#### The problem:
Your reply must contain the lines from the one with "Graffiti art describing sustainability" through the last line of the material, exact and complete, with no pictures and no other text.

---------- Raw data

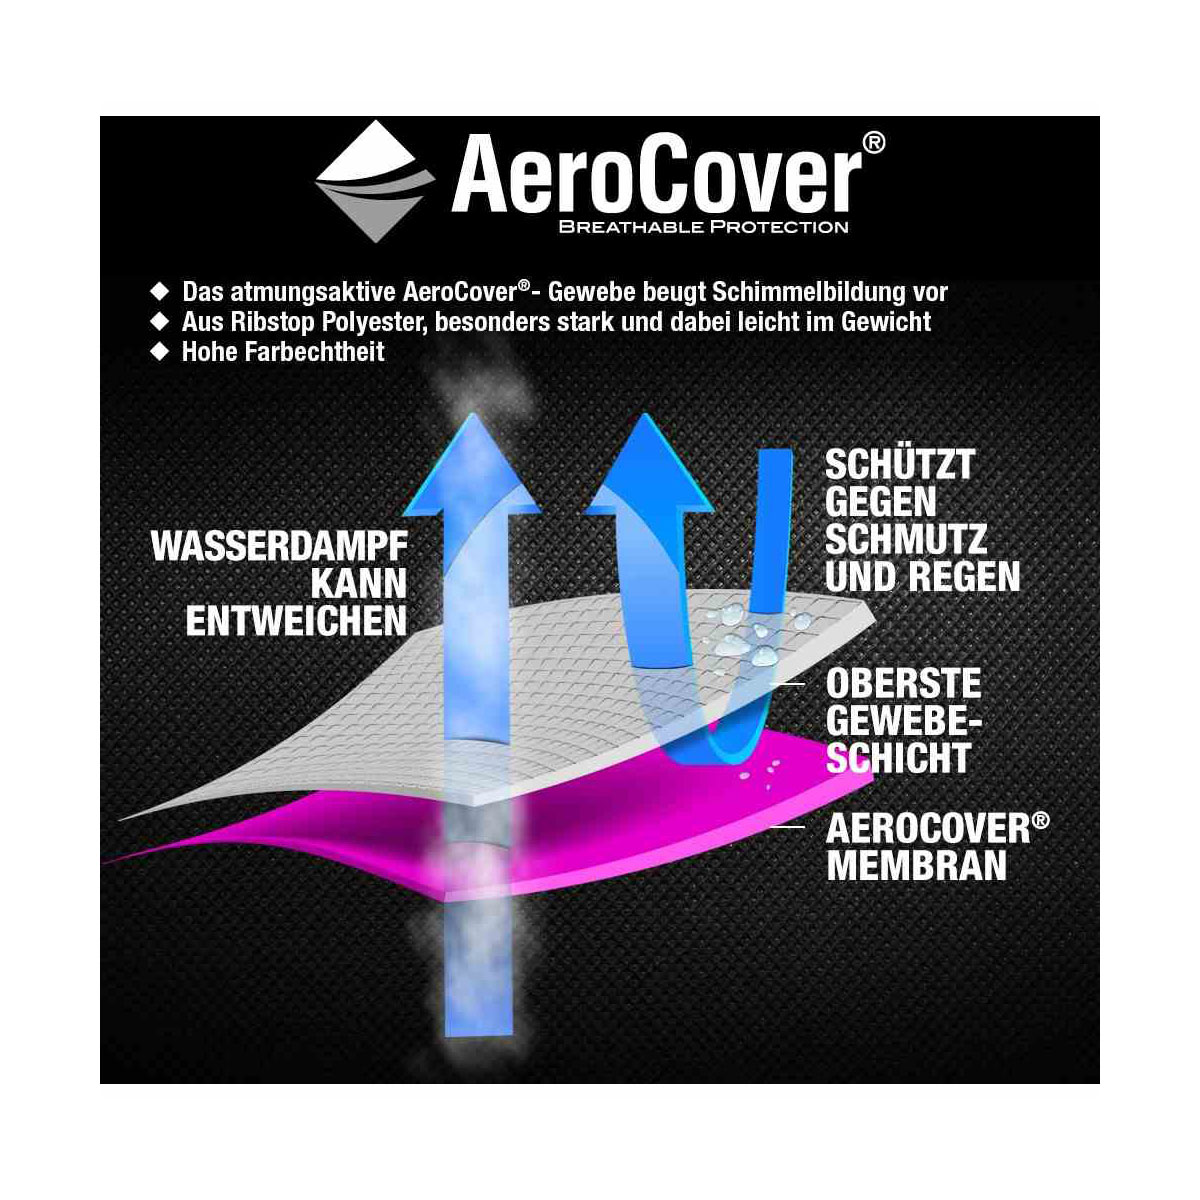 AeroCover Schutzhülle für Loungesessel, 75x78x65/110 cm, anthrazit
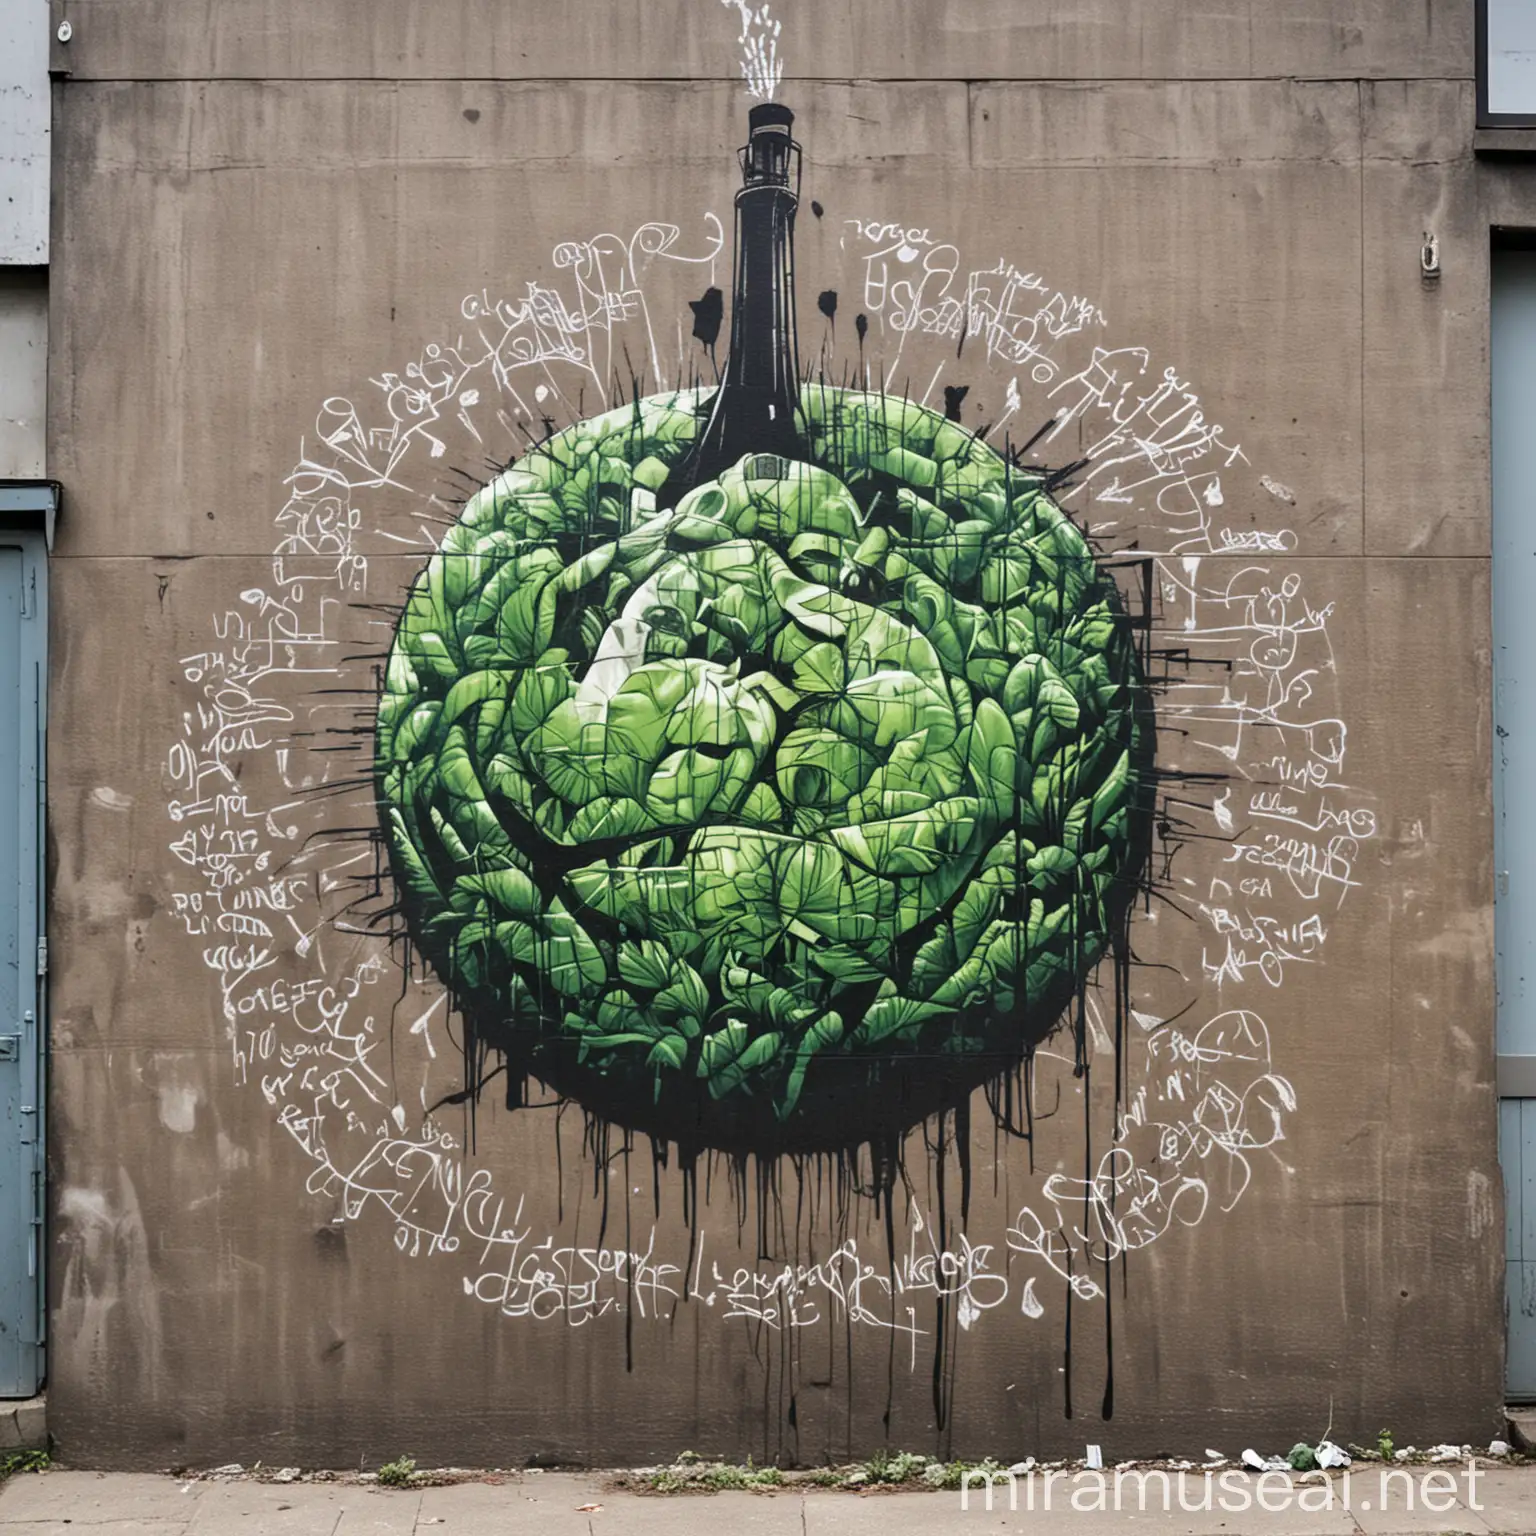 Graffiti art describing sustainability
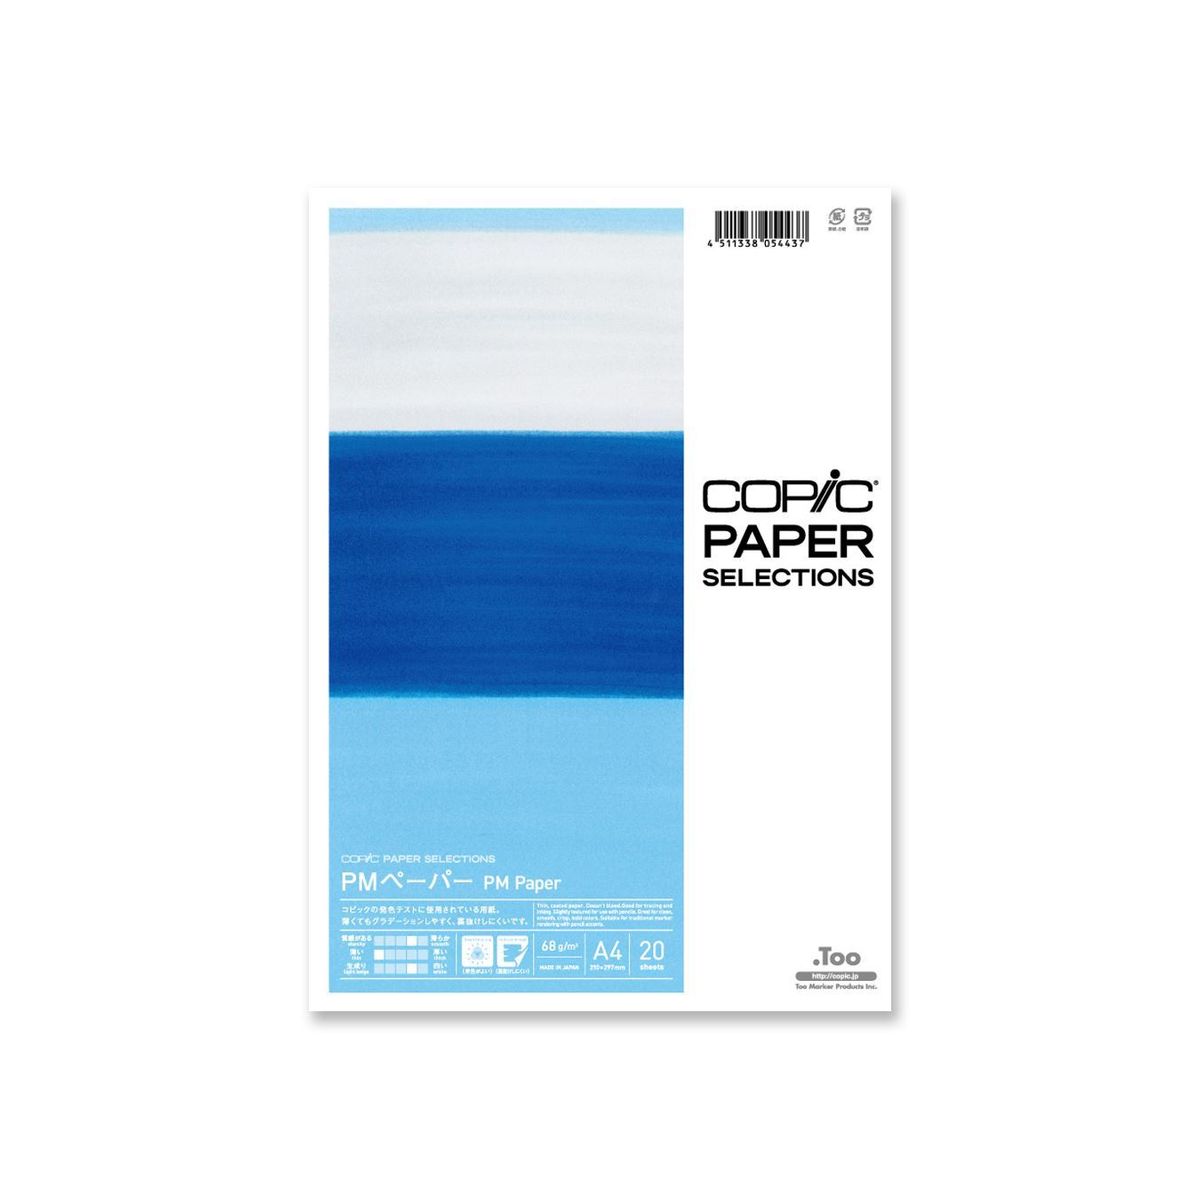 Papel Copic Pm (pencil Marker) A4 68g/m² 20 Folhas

--------------------

#### Exercise answer:
 Graffiti art describing sustainability
 Papel Copic Pm (pencil Marker) A4 68g/m² 20 Folhas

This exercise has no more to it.